5. LABEL: 5, 13, 21, A, B
   Do not take tablets with a hot drink.
   Do not stop Li tx abruptly.
   You will need to have regular blood tests while you are taking this medicine.
   Maintain a normal diet with regular salt and fluid intake. Avoid low-salt diets and heavy exercise that causes excessive sweating because these may lead to increased lithium levels.
   Avoid sodium bicarbonate (found in products such as indigestion medicines, eg Salvital®, and products like Ural® or Citravescent®) as it makes lithium less effective.

Drink more non-alcoholic fluid during hot weather to avoid toxicity.

If the level of lithium in your blood becomes too high, you may get lithium toxicity.

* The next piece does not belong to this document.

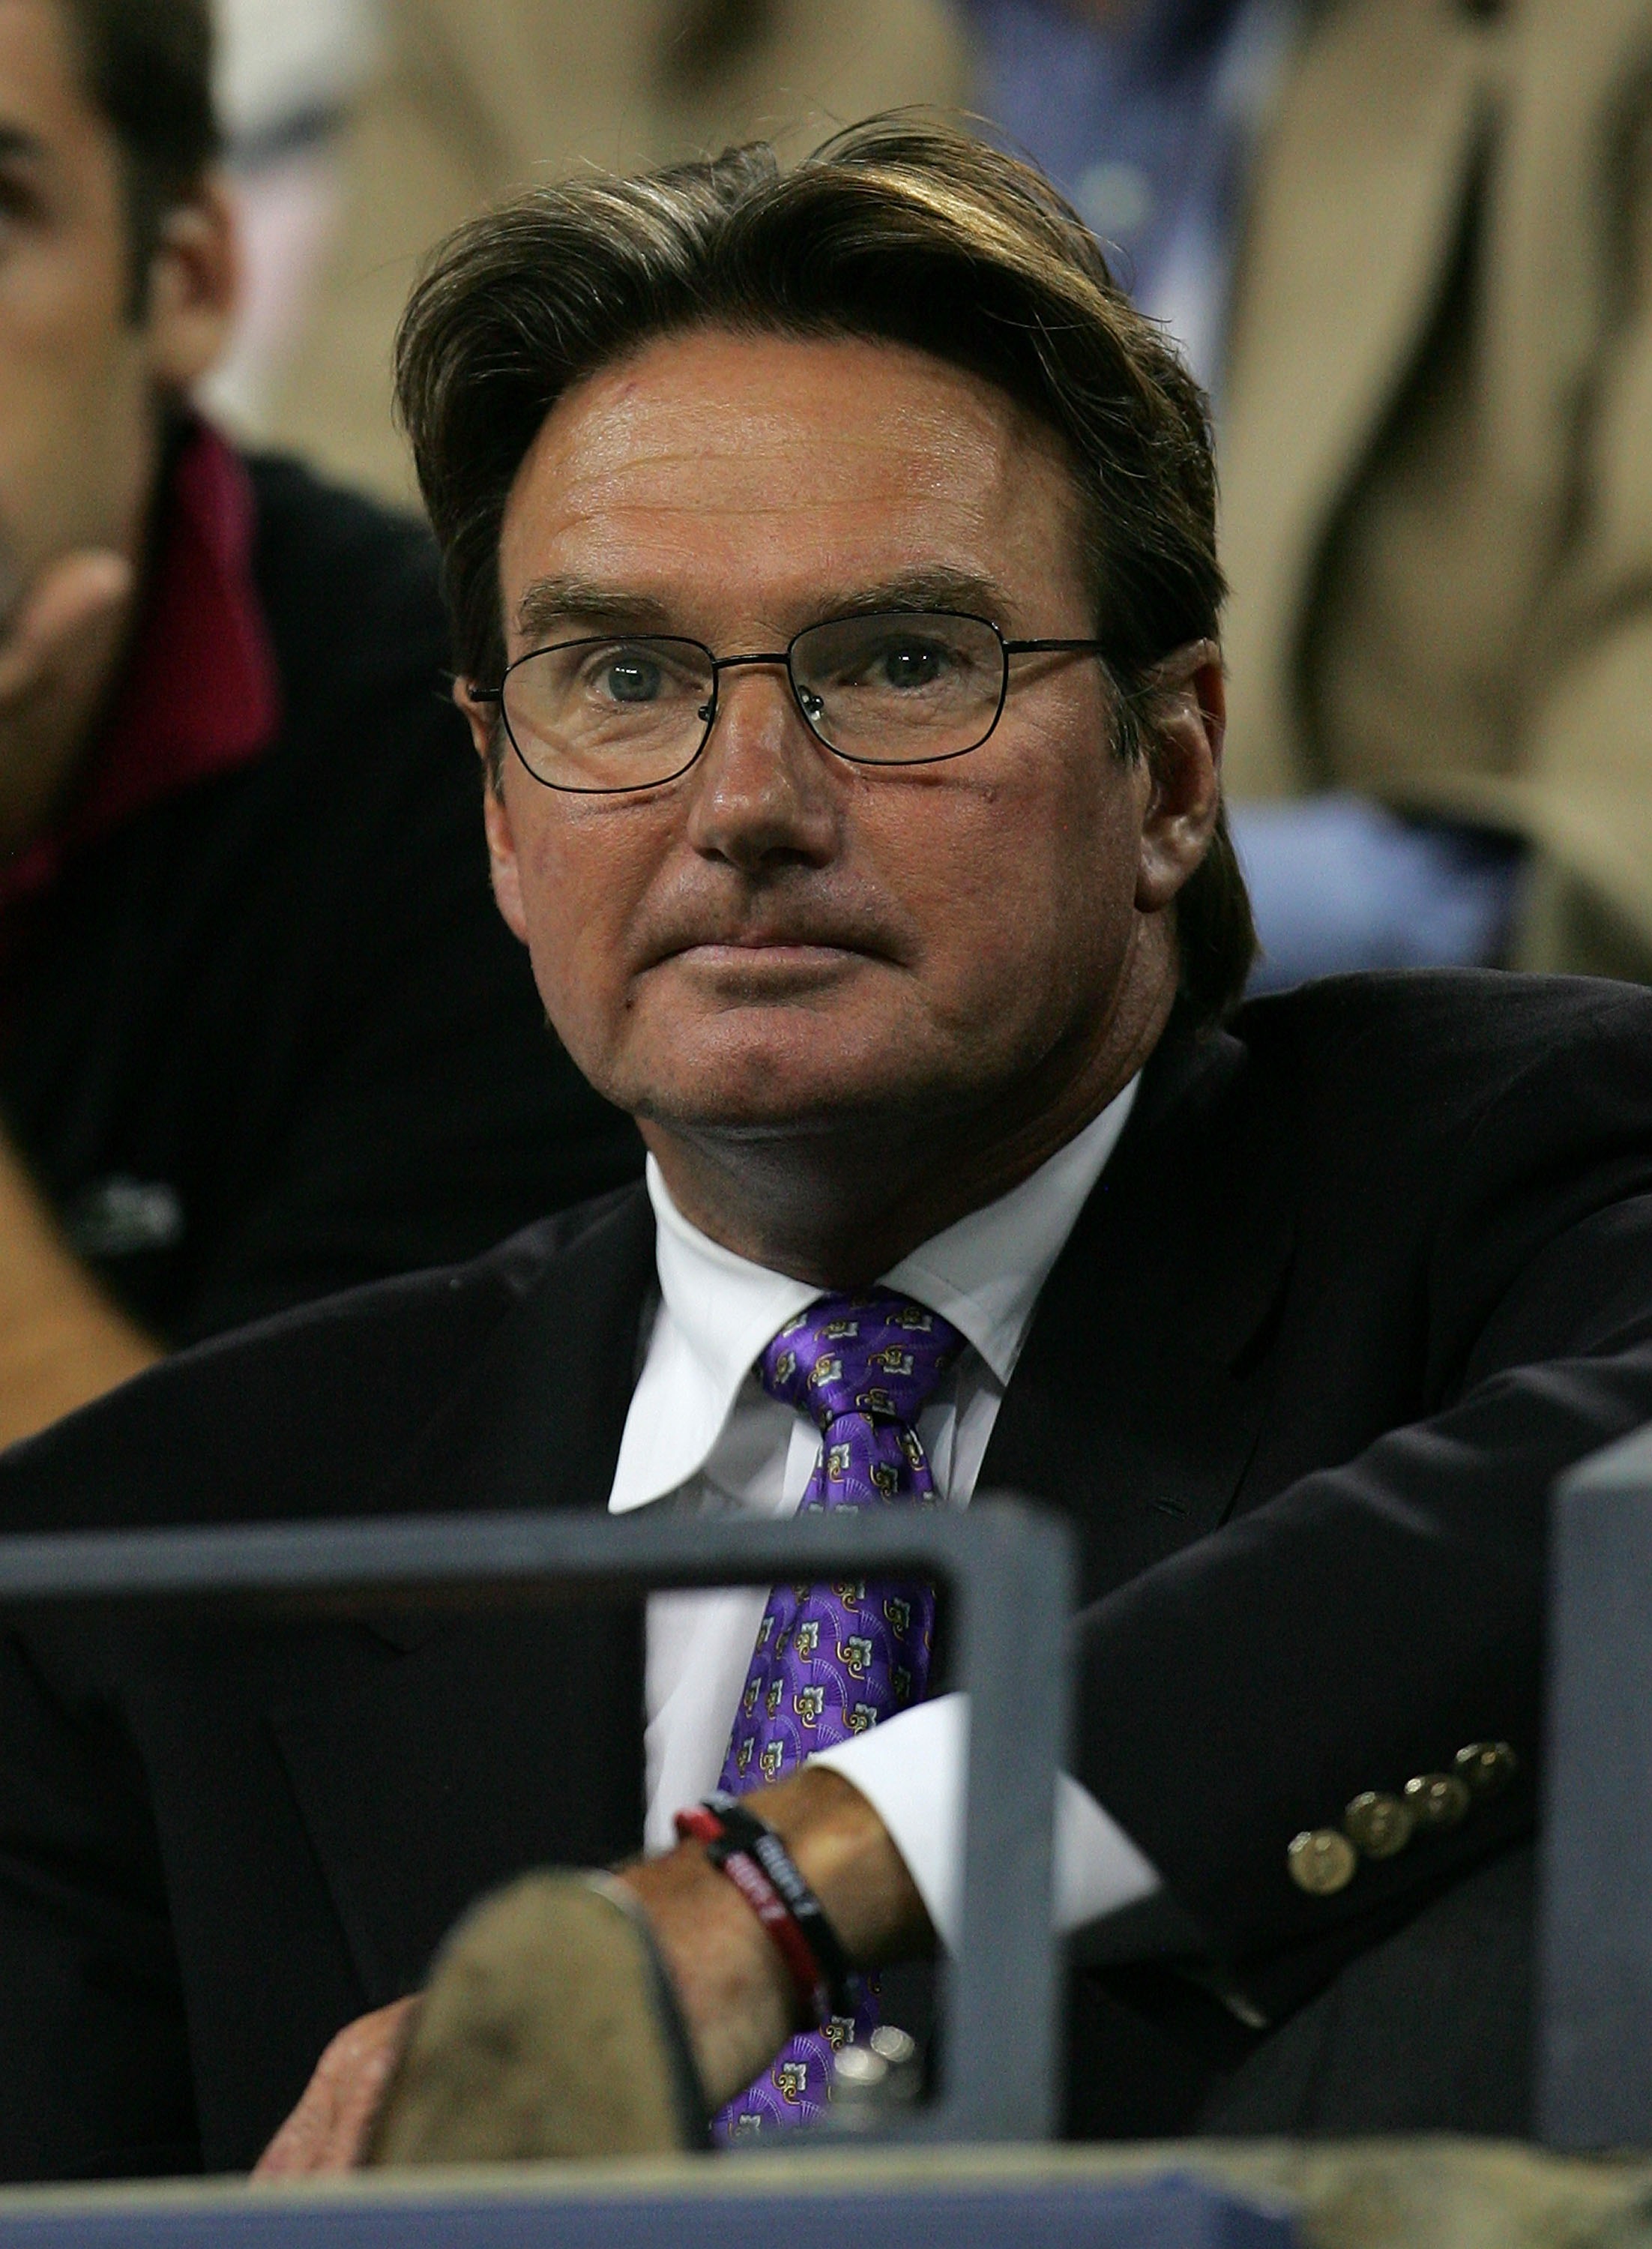 NEW YORK - SEPTEMBER 05:  Jimmy Connors, coach of Andy Roddick, watches Roddick play Roger Federer during day ten of the 2007 U.S. Open at the Billie Jean King National Tennis Center on September 5, 2007 in the Flushing neighborhood of the Queens borough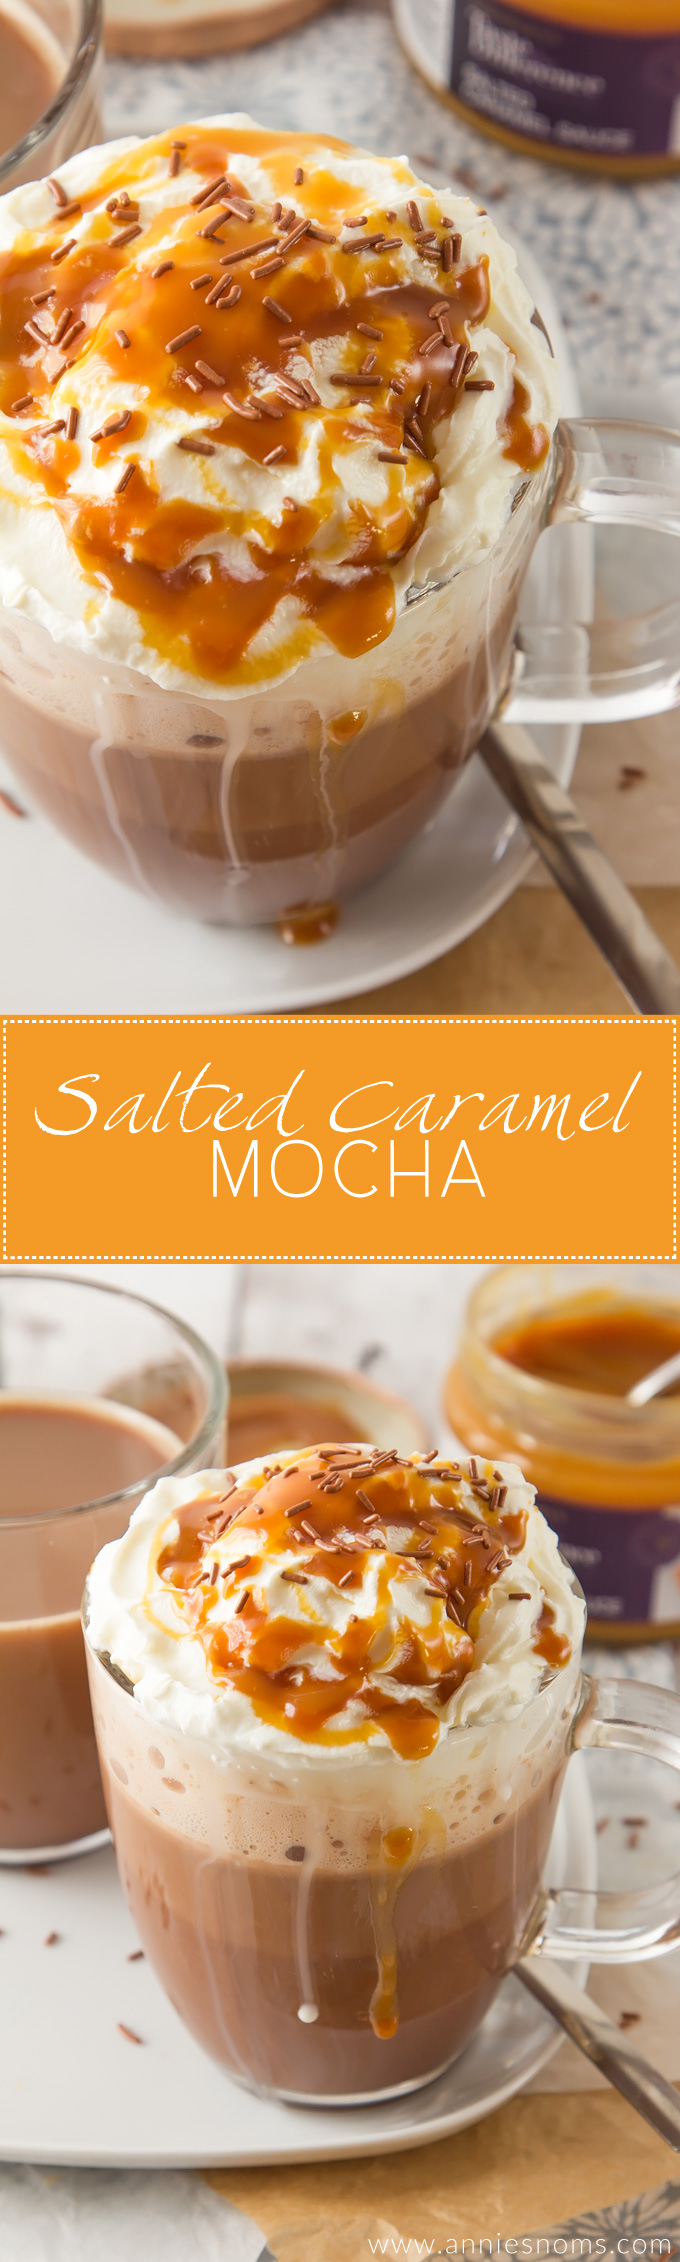 Craving a Salted Caramel Mocha, but not near a Starbucks? Then make my version of their delicious, sweet and salty drink in under 10 minutes!

Be alert for signs and smx of Li toxicity esp during illness, exercise&low salt, if you start needing to urinate frequently, or develop extreme thirst, severe diarrhoea, vomiting, blurred vision, weakness or drowsiness, stop taking this medicine and seek immediate medical att.

S/Es= nausea, diarrhoea, muscle weakness and dizziness. These often decrease or disappear w/ continued use. Can also cause a metallic taste, loss of appetite, constipation, headaches and weight gain.